PDW 02: Challenges to Multidisciplinary Research at the Borderlands between State, Market and Civil Society

Convenors:
Filip Wijkström
Stockholm School of Economics, Sweden
Gorgi Krlev
University of Heidelberg, Germany
Liesbet Heyse
University of Groningen, The Netherlands

Call for Applications


Facilitators:

Michael Meyer, WU – Vienna University of Economics and Business, Austria
Marta Reuter, Stockholm University & Stockholm School of Economics, Sweden
Damien Mourey, Sorbonne Graduate Business School, Paris, France [tentative]
Liv Egholm, Copenhagen Business School, Denmark [tentative]


Contents & Purpose

Civil society studies are characterized by an “in-betweenness”, a positioning at “double borderlands”. Civil society is studied in connection with government and public sector or state actors in areas such as public-private innovation, participatory government or citizen activism. Civil society is also studied in relation to markets or the business sphere when it comes to corporate political activism or social entrepreneurship.
 
In this PDW, we aim to explore how these double borderlands are dealt with against a variety of disciplines and theoretical approaches. We invite in particular early career scholars to participate and want to help them advance their own research and projects in these areas.
 
Borderland studies of civil society (including associated forms of organizations, movements and groups) are situated across: political science and public administration, economics, sociology, organization and management studies, theology, history and philosophy. On the one hand, this variety of academic approaches results in an inspiring diversity with great potential for innovation. On the other hand, it may however also lead to unproductive fragmentation, confusing, contradictory terminology and lack of conceptual clarity leading that hinder the necessary accumulation of knowledge.
 
This PDW will assist early career scholars by enabling them to:

  • get an overview of key concepts and perspectives embedded in the various disciplinary approaches found in contemporary research;

  • identify the main differences between the different approaches and discuss the strengths or weaknesses associated with them;

  • develop strategies to deal with the different disciplinary theoretical perspectives in the existing literature related to their own work (content-wise but also related to publication strategies).

 
 

Format

The format will follow the submitted contributions:

  • For a selected group of participants (at max. 14) who have submitted own work – see Option 1 below – we aim for cross-disciplinary reading of and commentary on each others texts, as a way to help advance these papers and move them towards publication.

  • With those who have submitted a note on multidisciplinary challenges – see Option 2 below – we will convene a set of discussions facilitated by a select group of more senior scholars with mixed disciplinary backgrounds. The aim is to assist early career scholars in developing a broad understanding of the challenges and opportunities of “borderland” studies in terms of theory as well as methodology.

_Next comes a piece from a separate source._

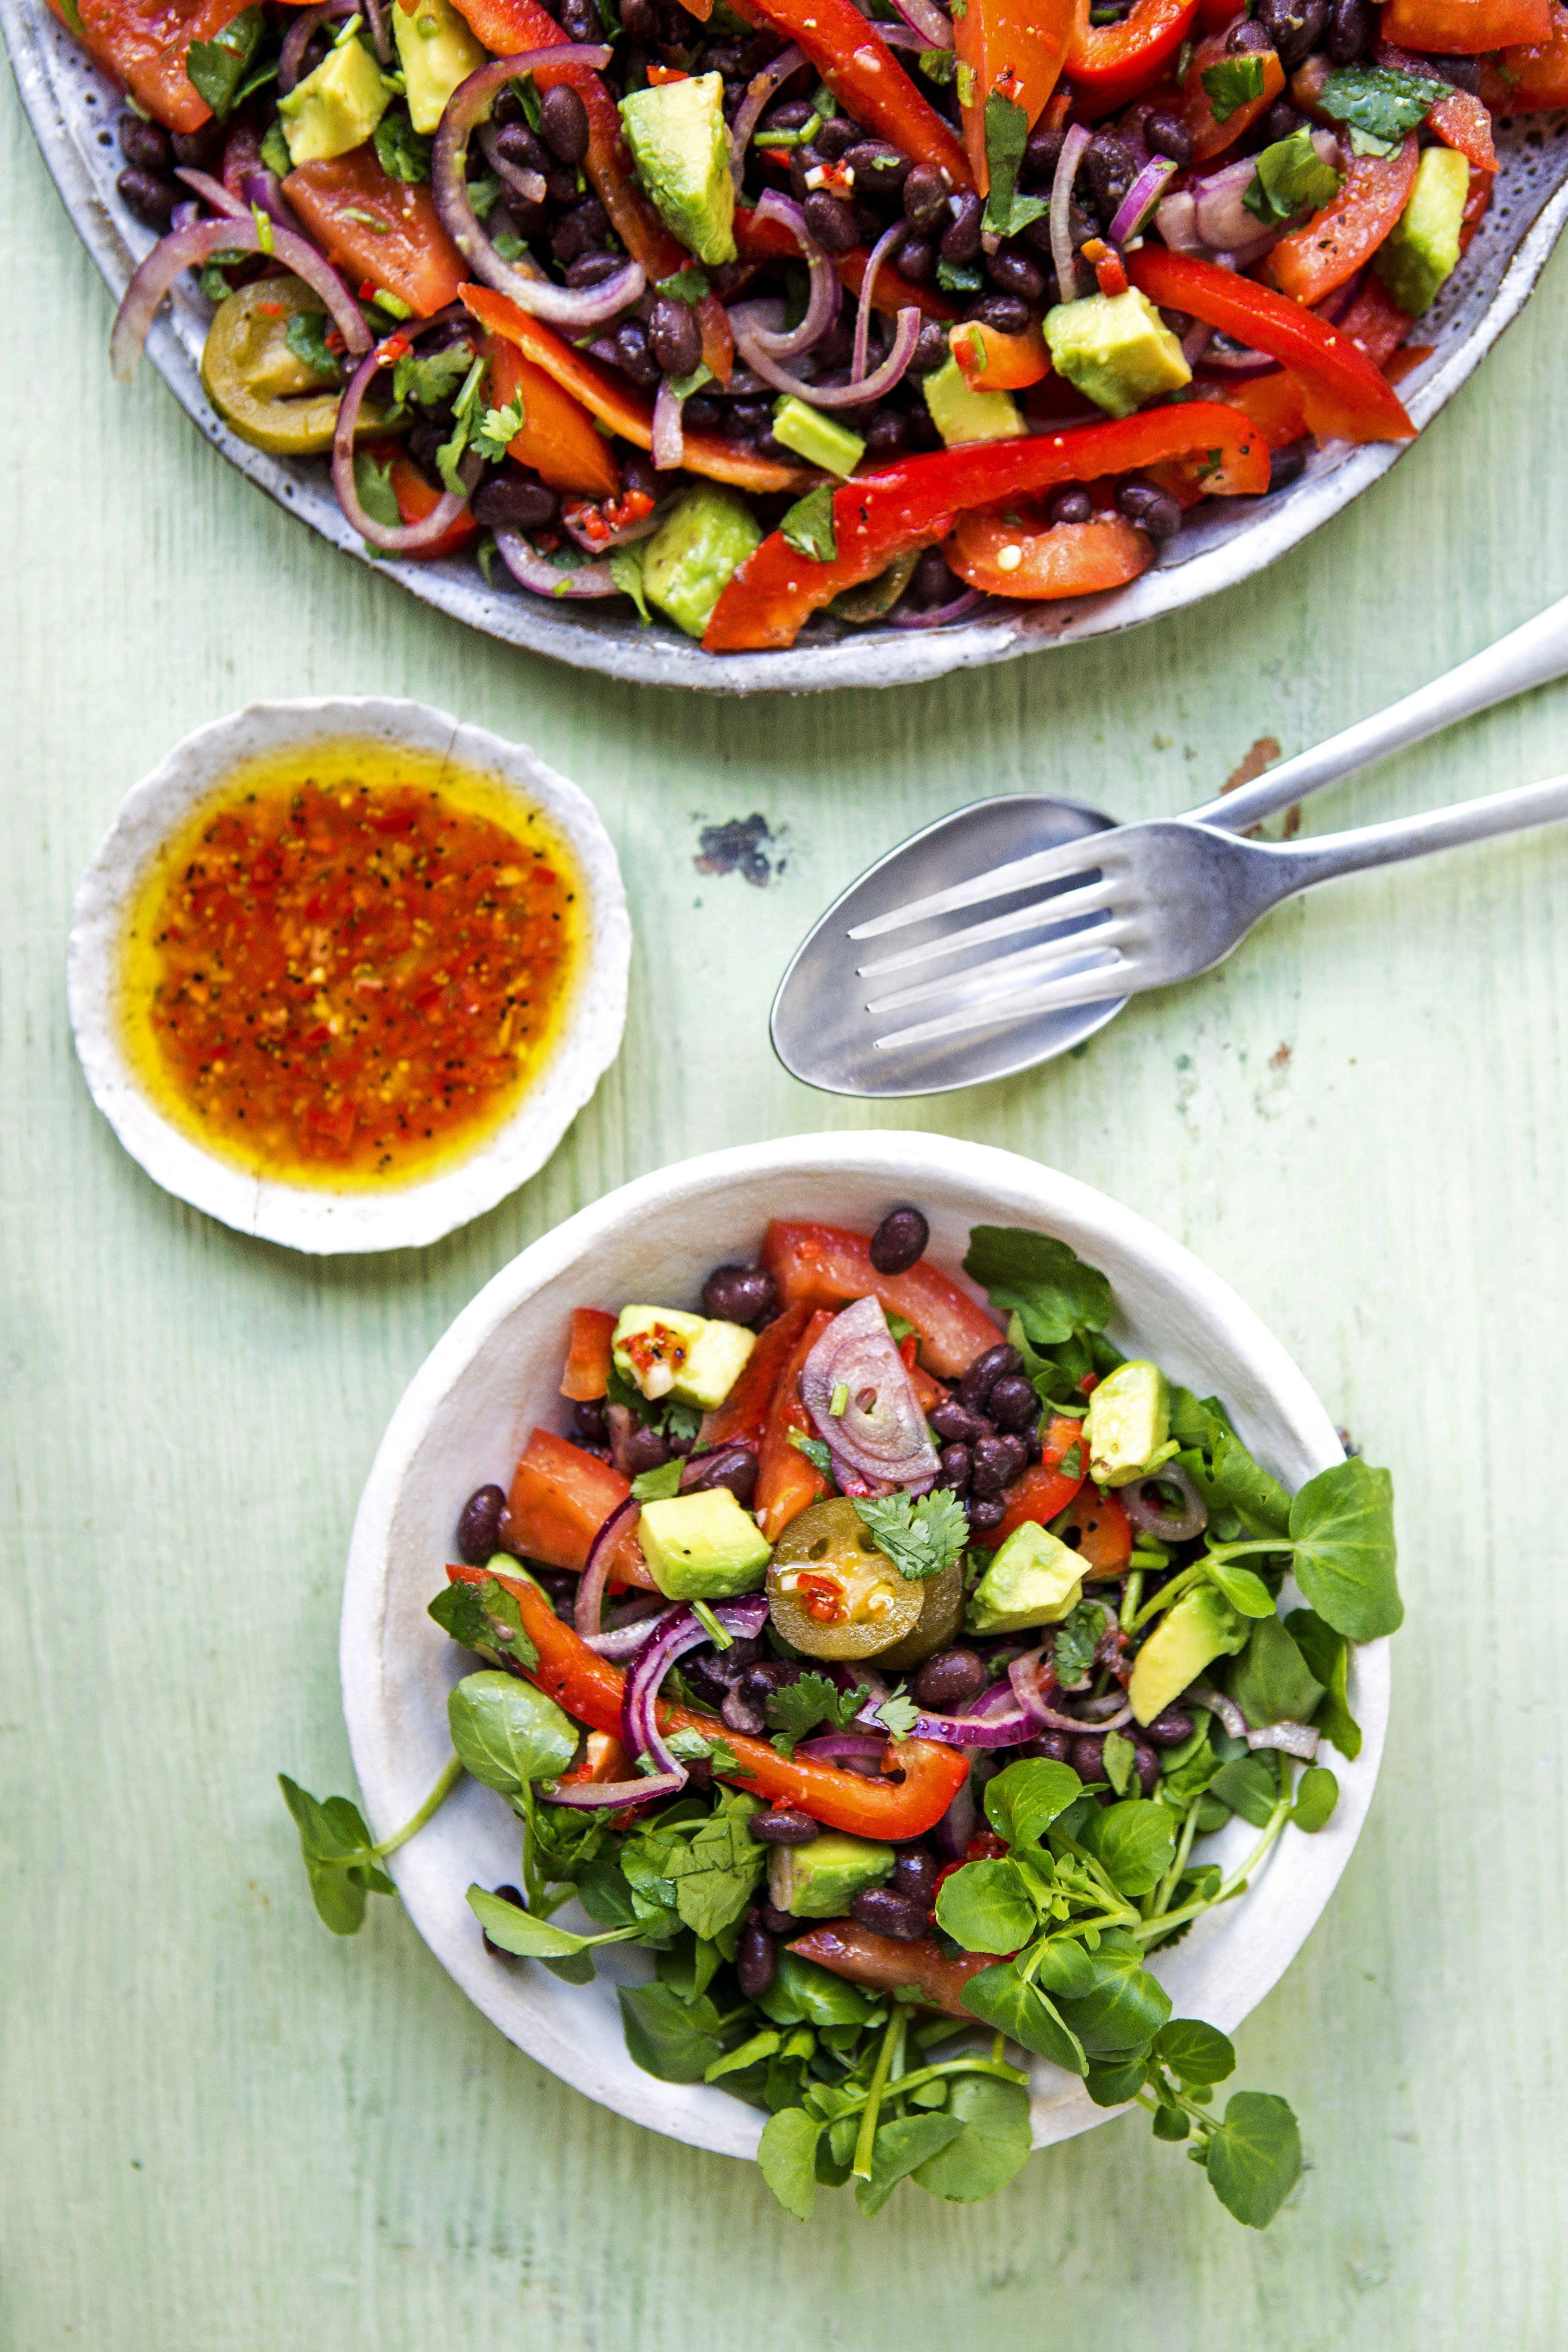 mit schwarzen Bohnen und Avocado Salat mit schwarzen Bohnen und Avocado,Salat mit schwarzen Bohnen

The participants will also be supported in their work on their projects by literature advice based on the new [3rd edition] of the Nonprofit Sector Research Handbook, available from Stanford University Press as of April 2020.

 

Application

Please submit – via the EGOS website – by May 15, 2020 (extended deadline) a single document of application (.doc, .docx or .pdf file) that includes …

  • either – Option 1: a short paper or description intended for distribution among the other participants of a planned or on-going research project of their own on a civil society topic that is studied from different disciplinary perspectives (ca. 5 pages, but full manuscripts are also welcome);

  • or – Option 2: a description of some of the multidisciplinary challenges they are experiencing in their own work, ending with some key questions to be addressed and dealt with in the sessions (ca. 2–3 pages).
     

Filip Wijkström is an Associate Professor at the Department of Management & Organization and director of Stockholm Center for Civil Society Studies at the Stockholm School of Economics, Sweden. His research interests concern CSOs in different fields of society and governance and strategy.
Gorgi Krlev is a post-doctoral researcher at the Centre for Social Investment (CSI) at the University of Heidelberg, Germany. Currently, his main research subjects are organizational hybridity, social innovation, and impact. Gorgi co-authored and edited “Social Innovation: Comparative Perspectives”, which won the “Best Book 2019” Award of the Academy of Management’s (AOM) Public and Nonprofit Division.
Liesbet Heyse is an Assistant Professor in Organization Sociology at the University of Groningen, The Netherlands. With a background in organization sociology and public administration, she studies how public, nonprofit and private organizations – individually or in collaboration – attempt to contribute to the common good.